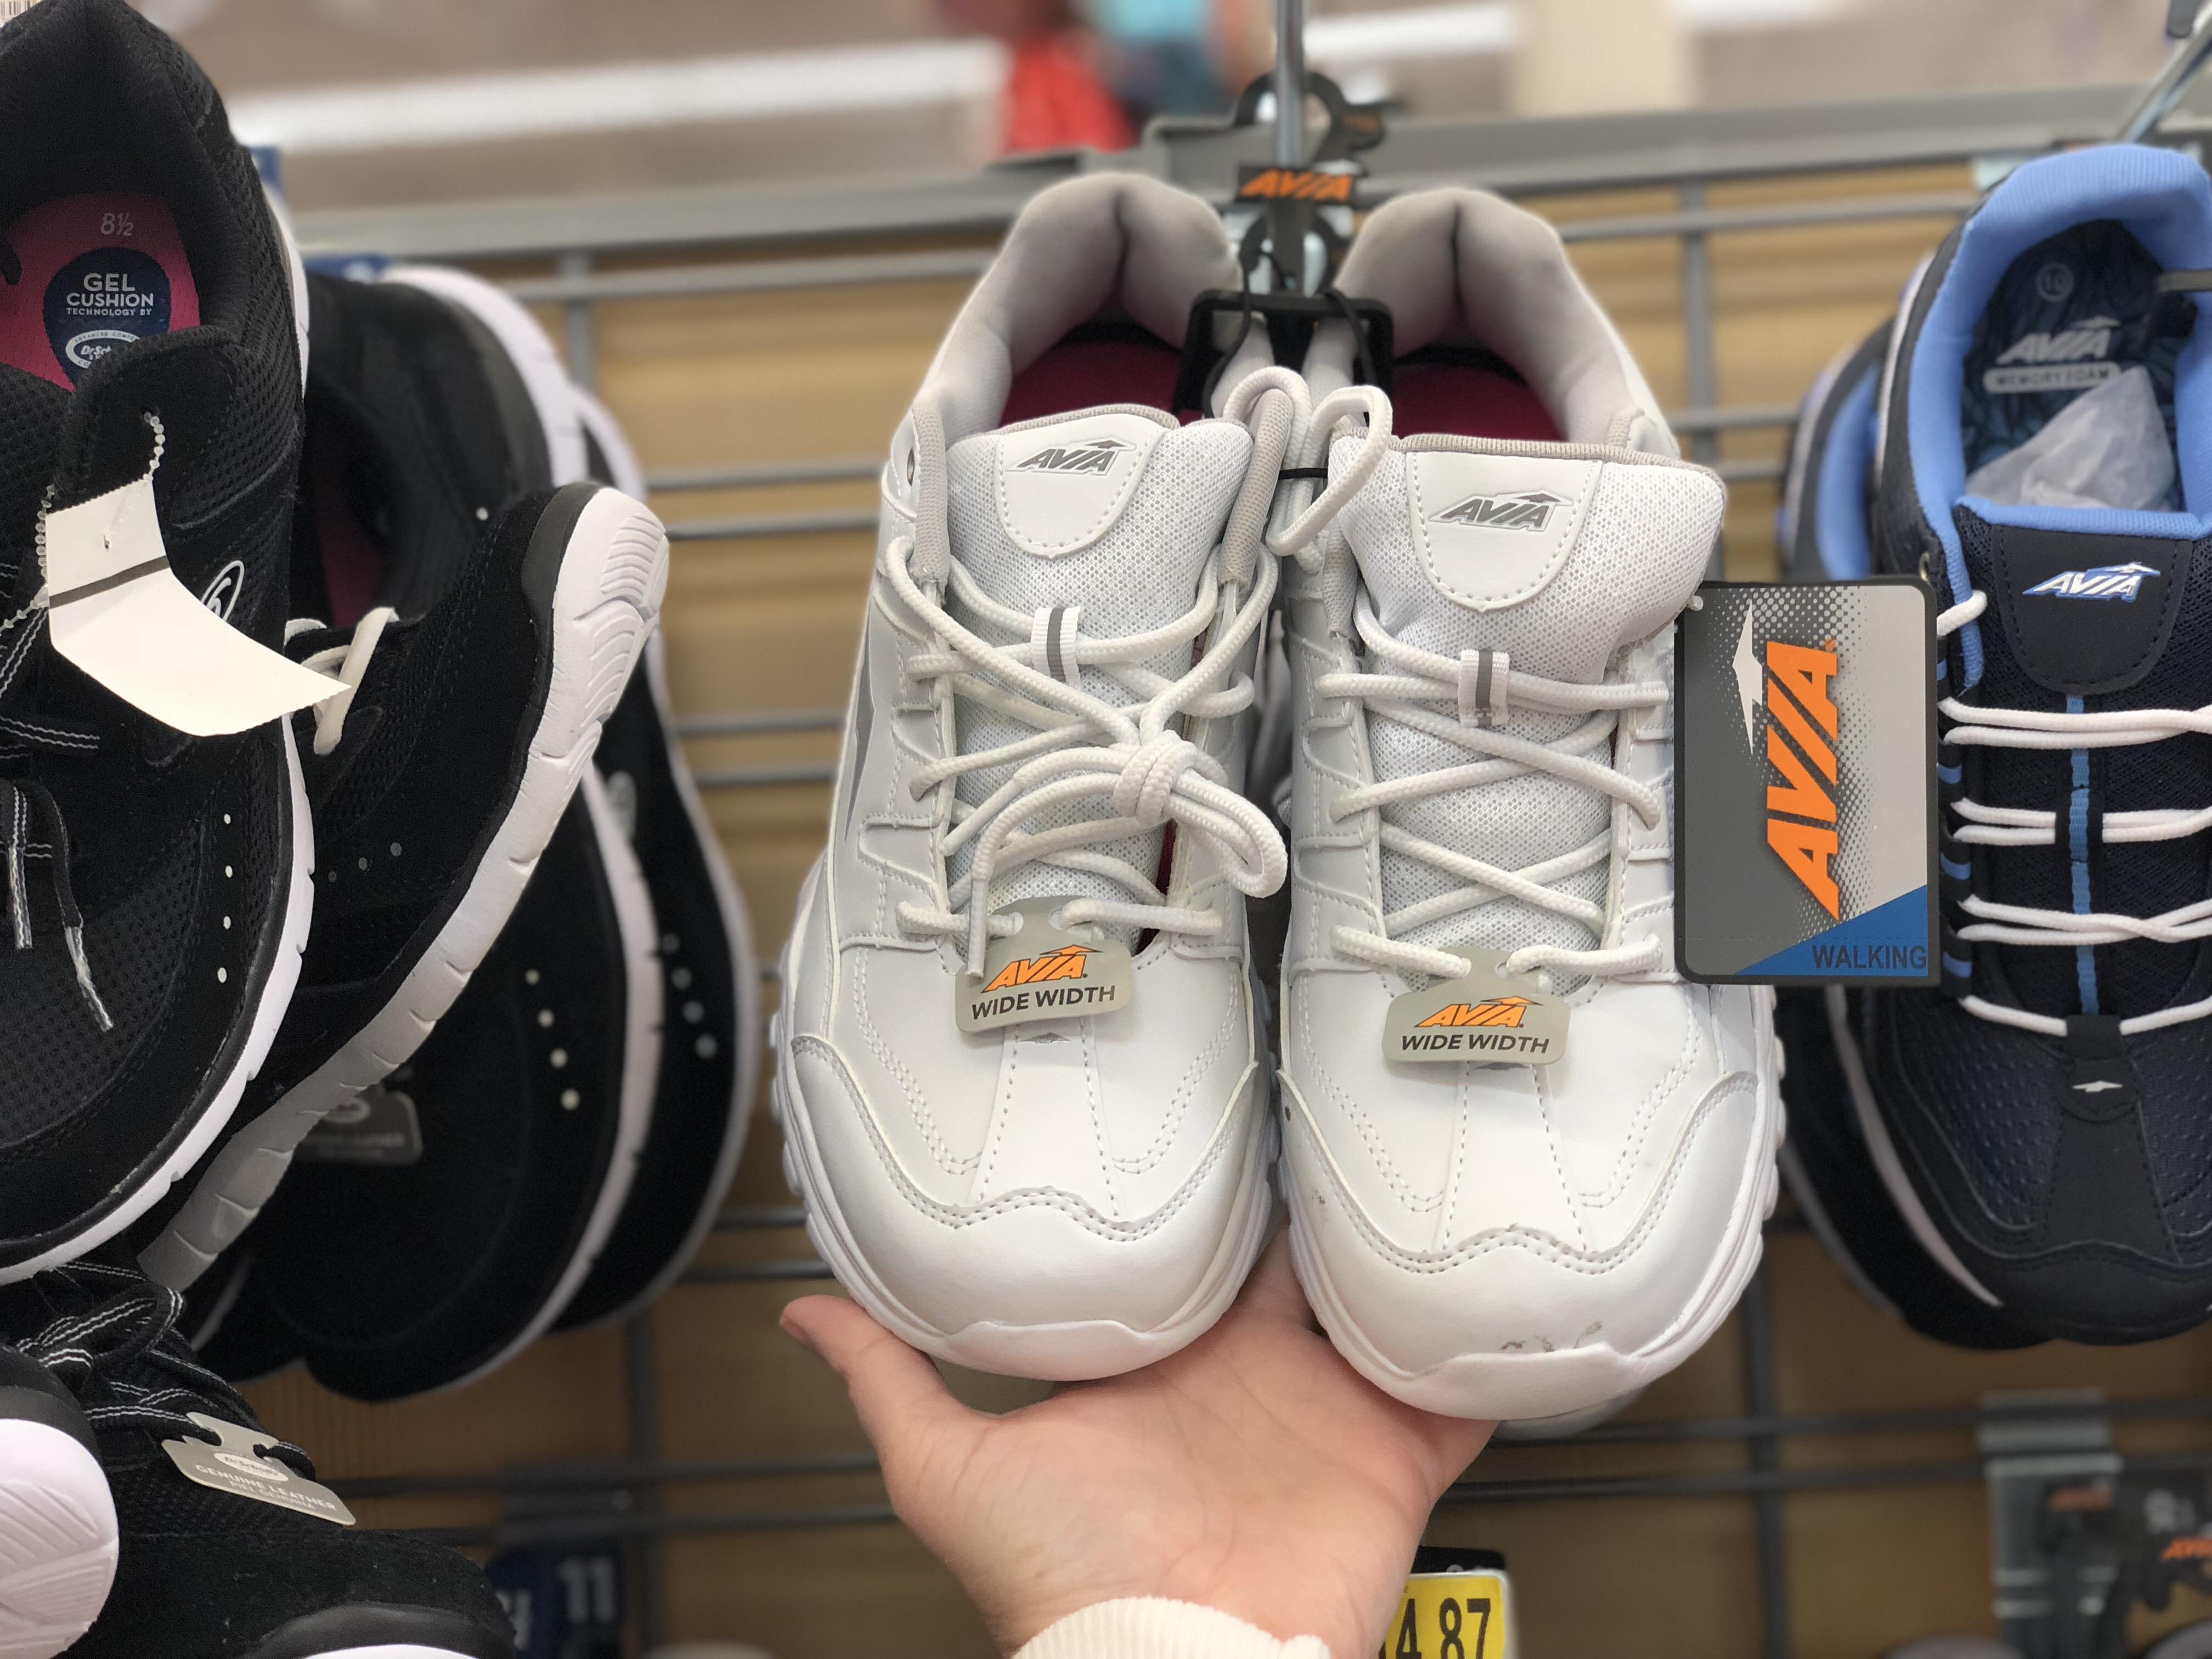 Avia Women's Wide Width Walking Shoes
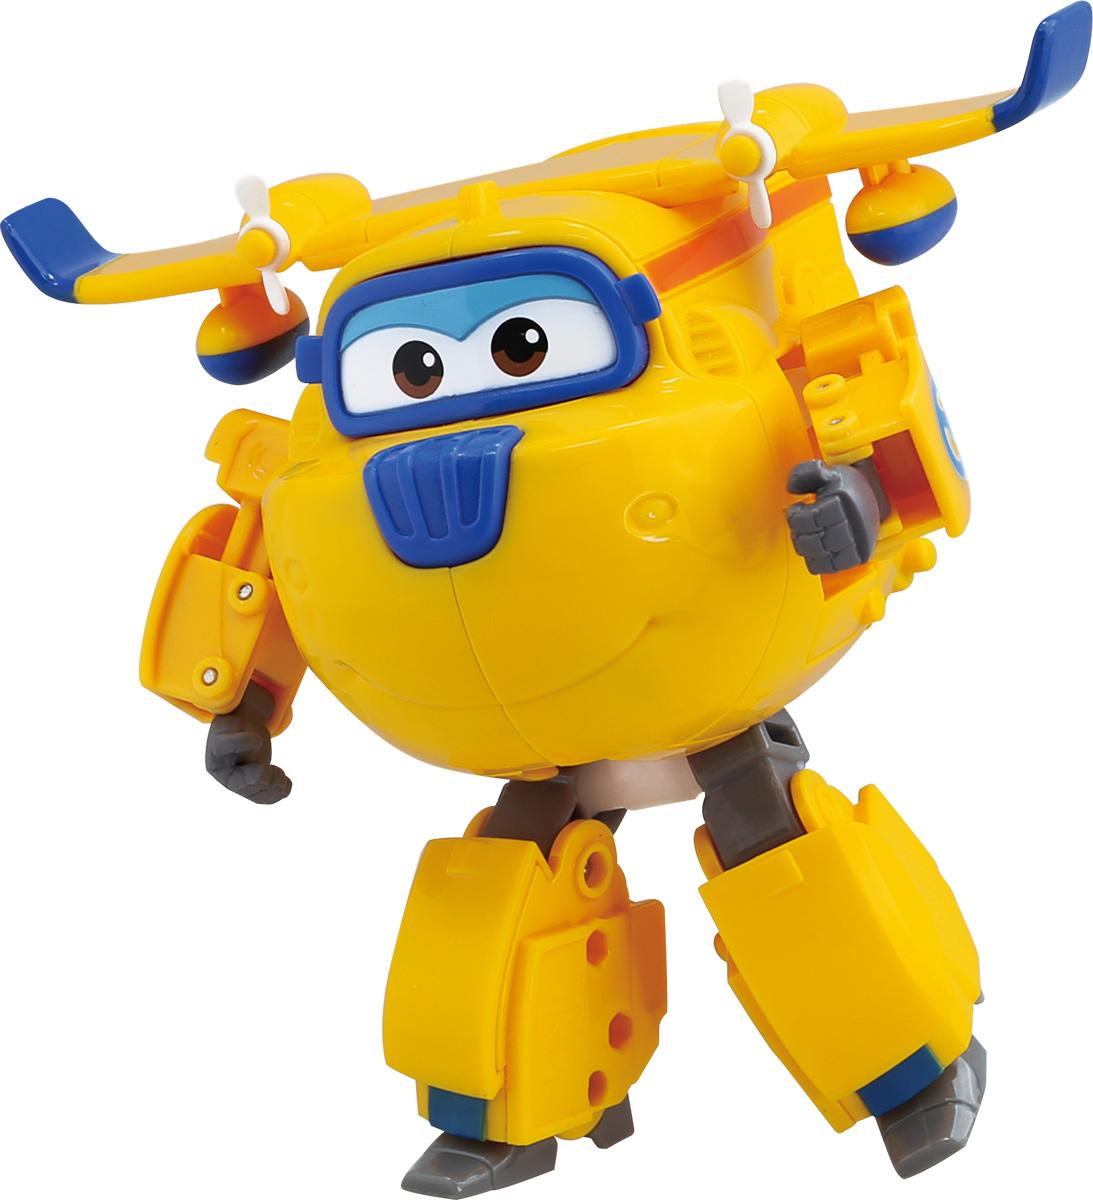 Super Wings Трансформер ДонниYW710220Игрушка - трансформер Донни надолго займет внимание вашего ребенка. Игрушка выполнена из безопасного пластика в виде самолета по имени Донни, полностью повторяющего персонажа популярного мультсериала «Super Wings». Ваш ребёнок сможет всего за 10 шагов превратить самолет в робота и обратно. Джетт, Донни, Диззи, Джером и Пол доставляют ценные посылки мальчикам и девочкам в любую точку земного шара. Отважные герои учат ребят находить решения для непростых задач: от лепки китайских пельменей до спасения людей от извержения гавайского вулкана. Шасси самолетика свободно вращаются, двери трансформируются в руки, а ноги робота легко выдвигаются из хвостовой части и убираются обратно. Что бы ни произошло: «Донни справится с этим!». Эта игрушка непременно понравится вашему малышу, ведь она развивает любознательность, пространственное мышление, логику и мелкую моторику рук.
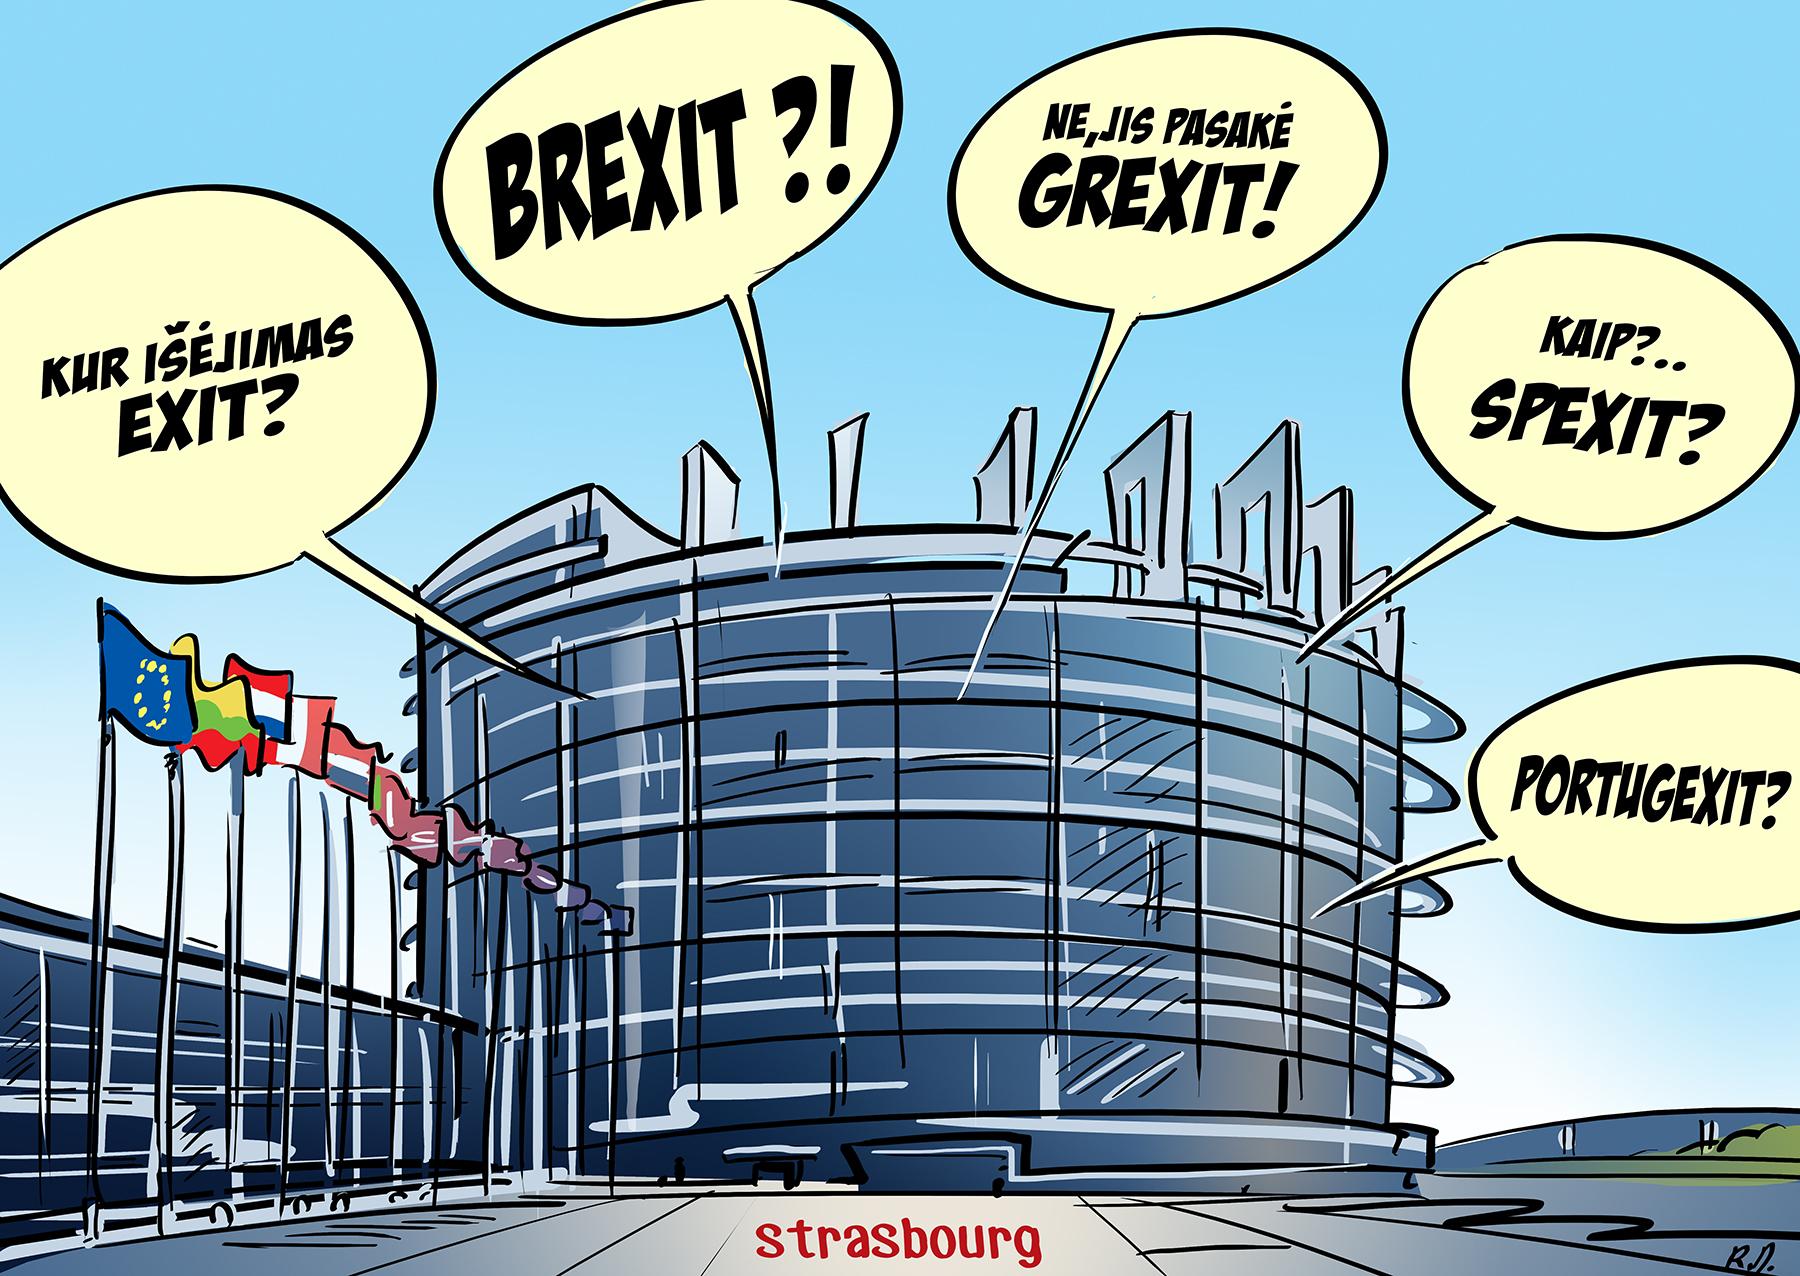 brexit-grexit-eu-cartoon.jpg

────────────────────

* [EXERCISE AIM] The result should be the material above, unchanged and free of pictures; please print it.

* [RESPONSE AREA]
 Avia Women's Wide Width Walking Shoes
 Super Wings Трансформер ДонниYW710220Игрушка - трансформер Донни надолго займет внимание вашего ребенка. Игрушка выполнена из безопасного пластика в виде самолета по имени Донни, полностью повторяющего персонажа популярного мультсериала «Super Wings». Ваш ребёнок сможет всего за 10 шагов превратить самолет в робота и обратно. Джетт, Донни, Диззи, Джером и Пол доставляют ценные посылки мальчикам и девочкам в любую точку земного шара. Отважные герои учат ребят находить решения для непростых задач: от лепки китайских пельменей до спасения людей от извержения гавайского вулкана. Шасси самолетика свободно вращаются, двери трансформируются в руки, а ноги робота легко выдвигаются из хвостовой части и убираются обратно. Что бы ни произошло: «Донни справится с этим!». Эта игрушка непременно понравится вашему малышу, ведь она развивает любознательность, пространственное мышление, логику и мелкую моторику рук.
 brexit-grexit-eu-cartoon.jpg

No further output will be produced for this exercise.